*WORK ITEM:* Word for word, transcribe the lines below and drop the pictures.

*DATASET EXCERPT:*
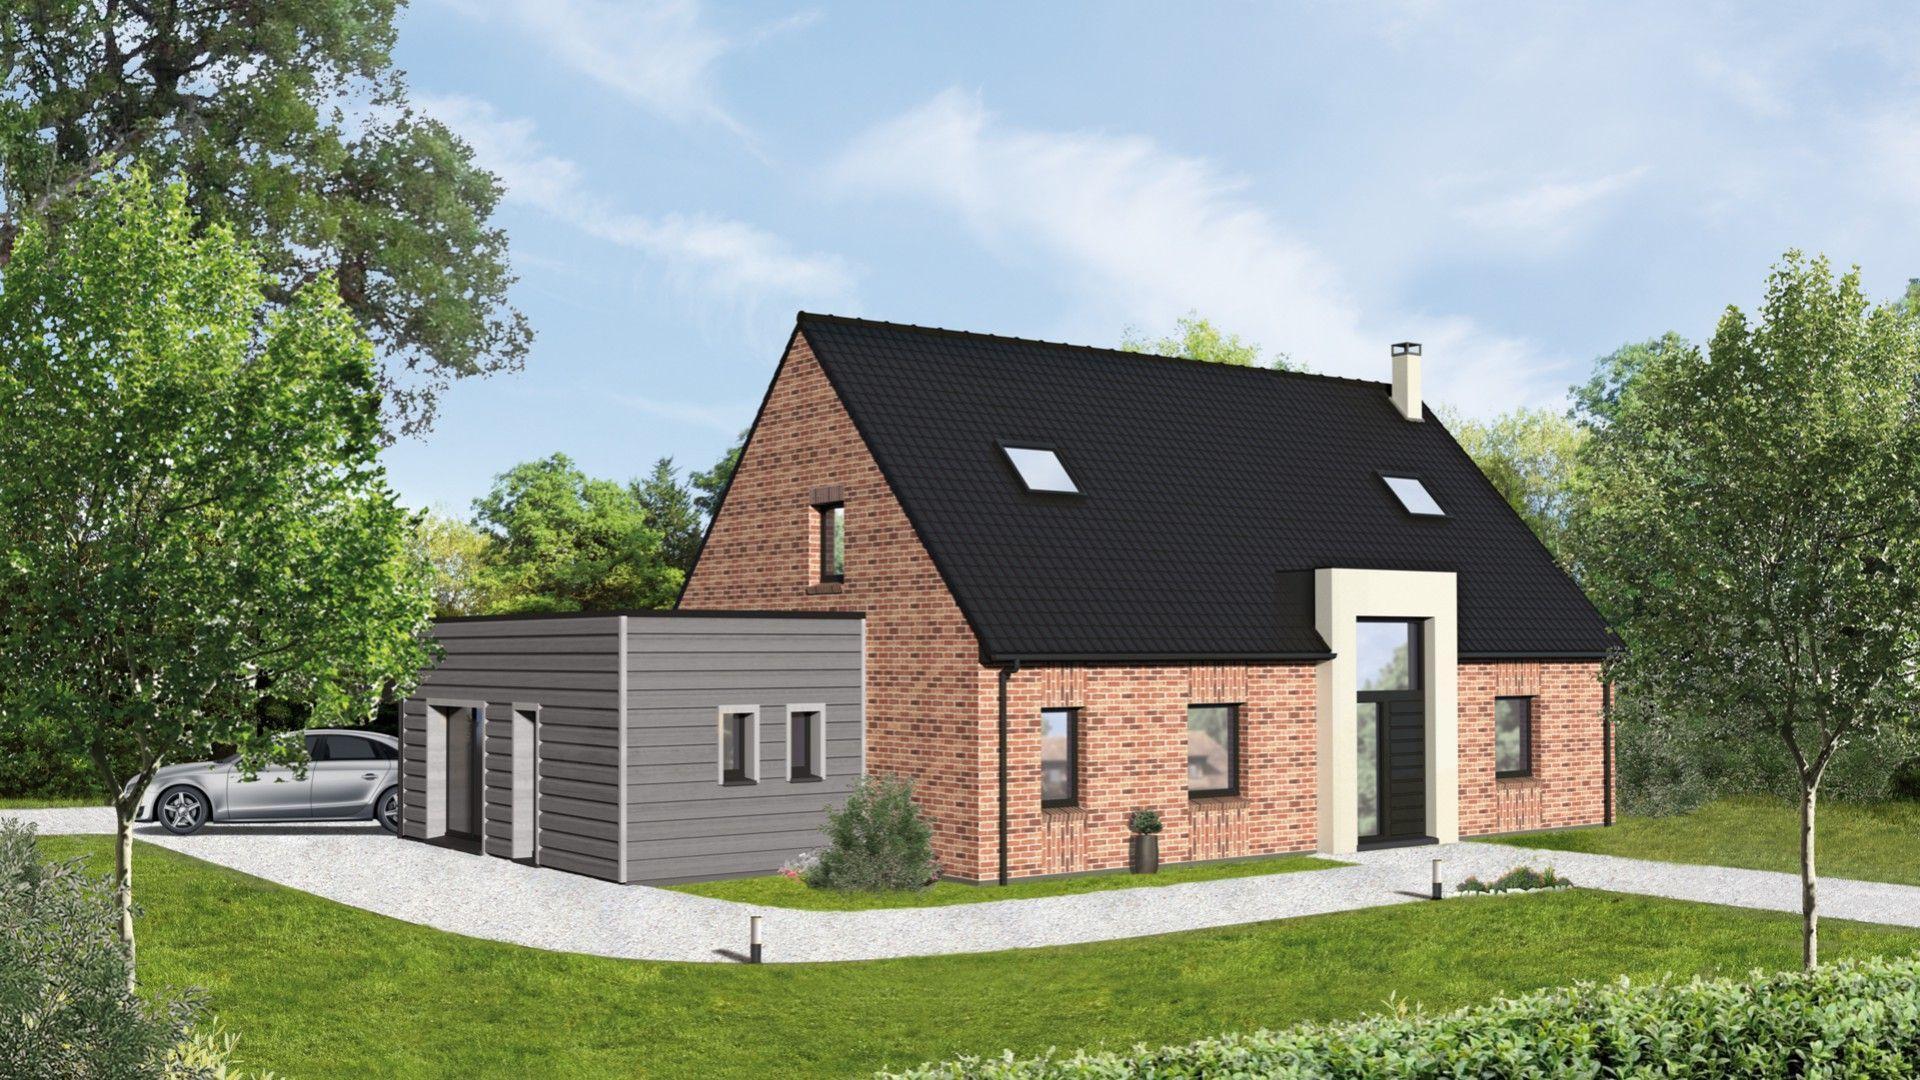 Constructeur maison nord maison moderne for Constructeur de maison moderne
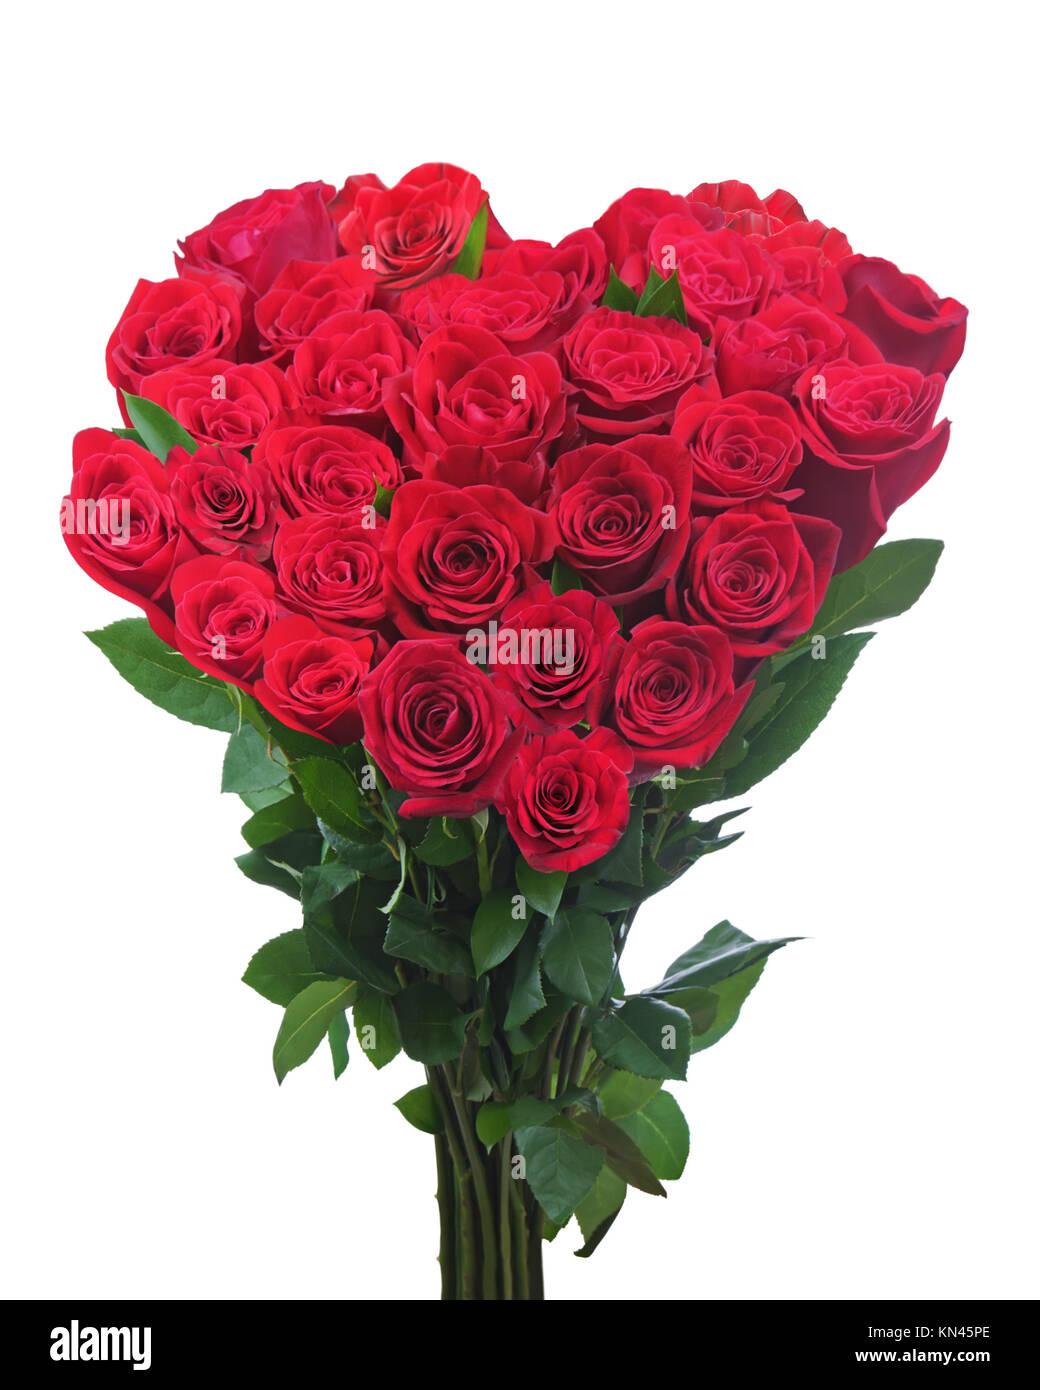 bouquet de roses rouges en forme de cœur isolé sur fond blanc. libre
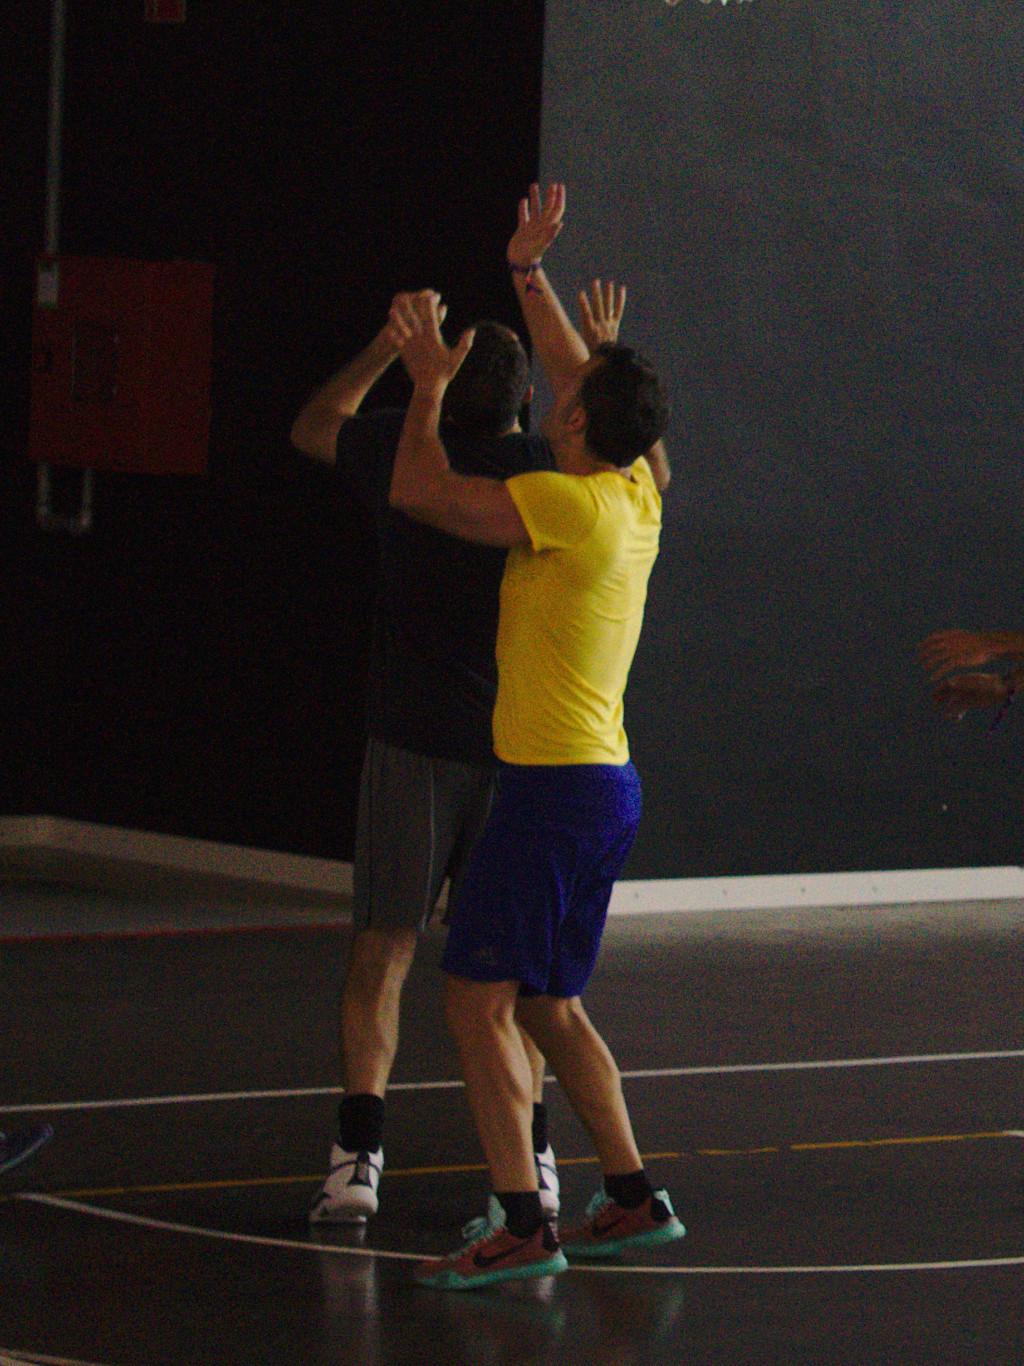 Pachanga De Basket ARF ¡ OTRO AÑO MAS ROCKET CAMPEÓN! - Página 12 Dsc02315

*SOLUTION FOR THIS EXERCISE:*
 Constructeur maison nord maison moderne for Constructeur de maison moderne
 bouquet de roses rouges en forme de cœur isolé sur fond blanc. libre
 Pachanga De Basket ARF ¡ OTRO AÑO MAS ROCKET CAMPEÓN! - Página 12 Dsc02315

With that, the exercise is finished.